Monday, August 24, 2009


Blurbs, I have lots of blurbs, but it's a tease, since I'm not posting them yet. No, this is about writing them. I was happily working on paperwork for the new TEB contracted story, A Pint Light, when to my horror, I realized that part of what they needed today was a hook line and a blurb.

Now, that doesn't seem too tough. I'm sitting here in my jammies in the middle of the afternoon while the kids play. I should be able to come up with a one-sentence teaser and a coherent two to three paragraph summation. After all, I wrote the whole 40 page story in two nights. Piece of cake. Right? (wish you could hear the huge sigh)

It was TOUGH to write this blurb. You have to introduce your characters, make them interesting, give some background to set the stage, present the conflict that they will face, draw the reader in and give the reader hope for the resolution...all without being too wordy, corny, or giving away too much of the plot. I just about wore out my backspace key as I went over and over what I was trying to get across. Whew. Of course, now that it's in, someone else will be looking at it and deciding if it will work. Blurbs get edited, just like everything else.

Ironically enough, just as I sent over my final effort to TEB for A Pint Light, I got another e-mail from DSP with a revised blurb for Remarkable Restraint to approve. Slightly different submission process, DSP has you write the blurb as part of the submission, while TEB asked for it after offering the contract. So that one was already written long ago as part of the cover letter for my submission inquiry. I looked back to compare the two, and actually they were fairly kind, only making a few small changes and keeping it mostly as originally written.

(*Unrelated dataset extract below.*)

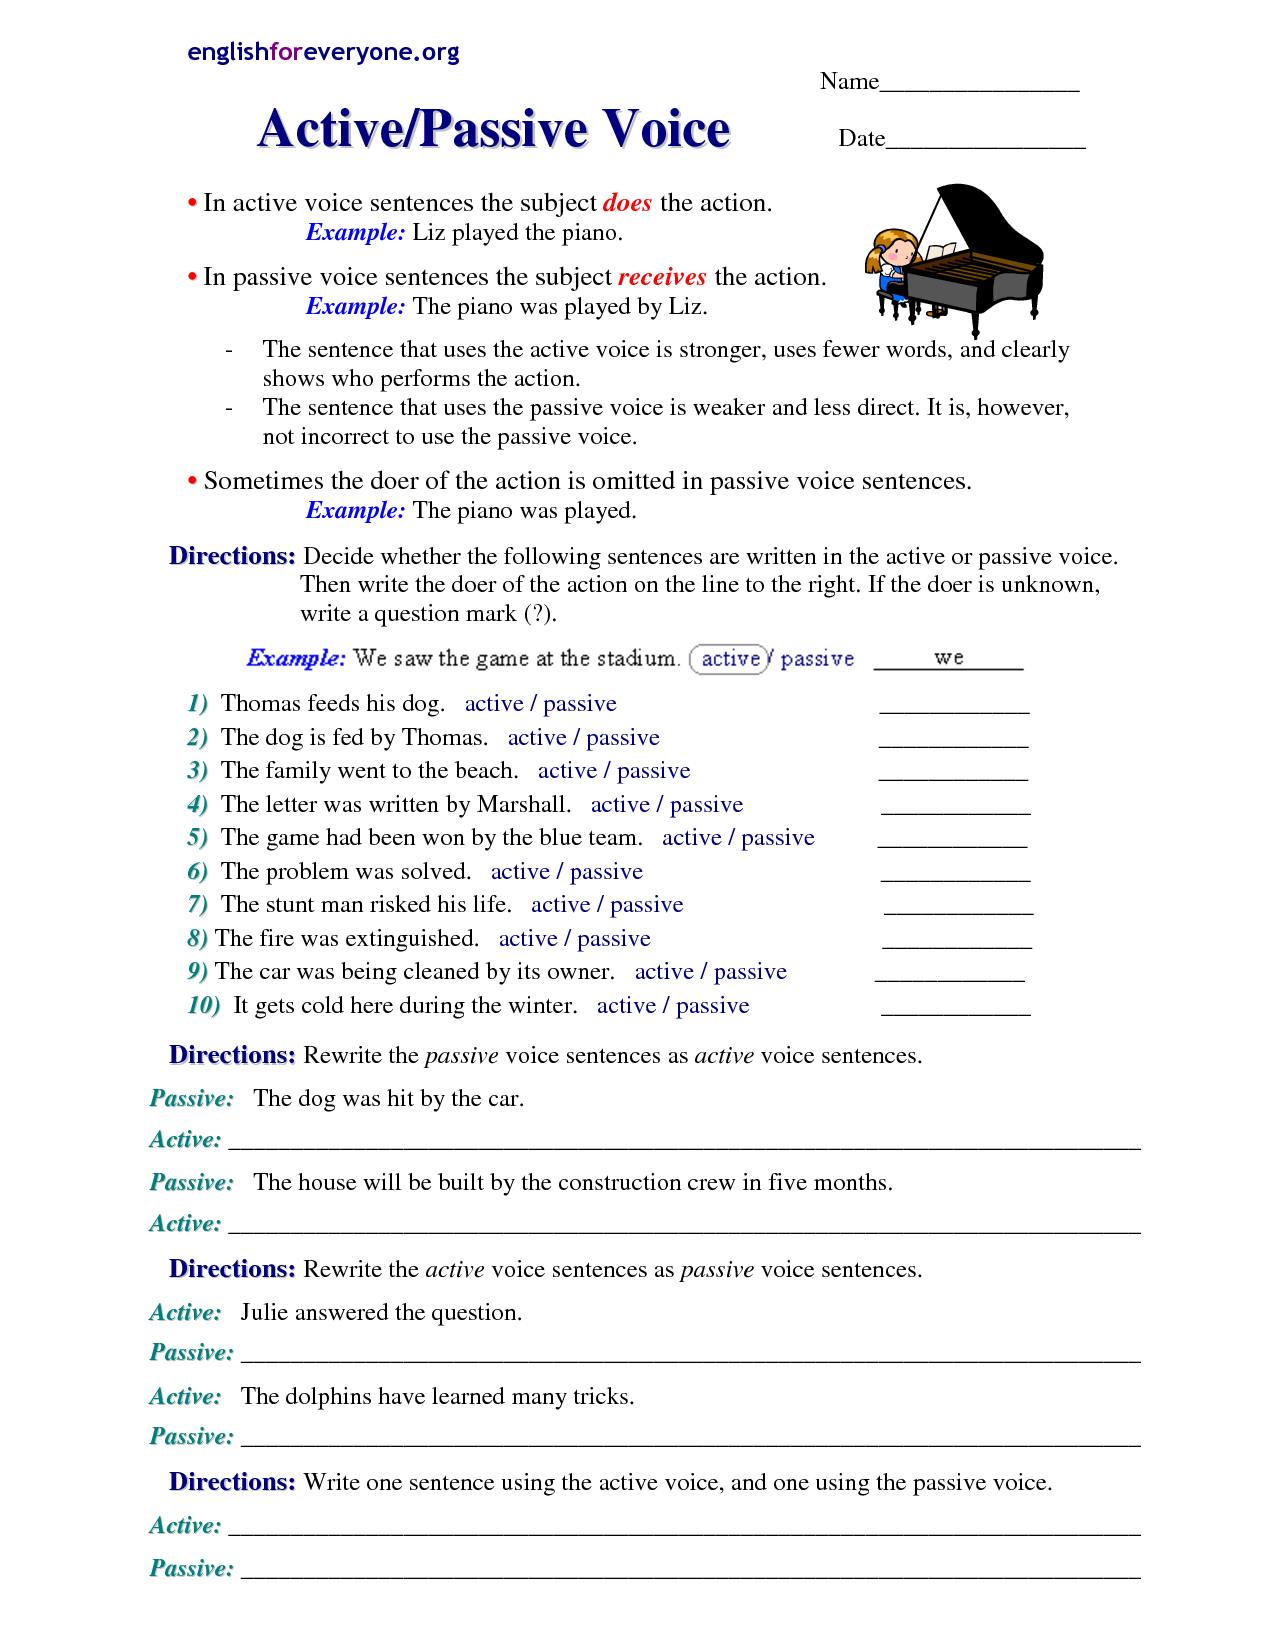 active-and-passive-voice-definition-types-examples-and-worksheets-cloud-hot-girl

Apparently I was slightly more inspired on that day. Either that or after writing the synopsis concurrently, I was already in the zone.Either way, by the time you write the manuscript, the synopsis and the blurb (and in some cases the hook line), it feels like you've flayed your idea to the bone. And that's pretty much how I'm feeling at the moment as well!

I'd love to hear from some other writers about how they feel about blurbs and whether it's as difficult for you to write them!


  1. Oh, hon, try writing for Amber Quill where you have to come up with SEVERAL blurbs if varying lenghts. Shudder.

    Hate blurbs. I was actually glad with DSP they wrote the blurn for Beyond the Norm for me.

  2. I hate blurbs, too. I find it so hard to sum up a book in a couple short paragraphs and make it sound interesting and not give away too much about the end of the book. Though I have found it's a lot easier to write them before I write the book. Same thing with a synopsis. Once I've written the book, I know all the tiny details and it's diffcult to stay at the 30k foot level for a blurb or synopsis. But when I haven't written the book yet, it's a heck of a lot easier to pick out the main themes/ideas and stick to those.

  3. SEVERAL!! Oh Shawn, you made my stomach flip.

    Ava--problem with that very inspired and clever solution (in my case anyway) is that we're all not disciplined outline-followers like you are, LOL! :) Sometimes I have no idea what the main ideas are until I'm 3/4 of the way through!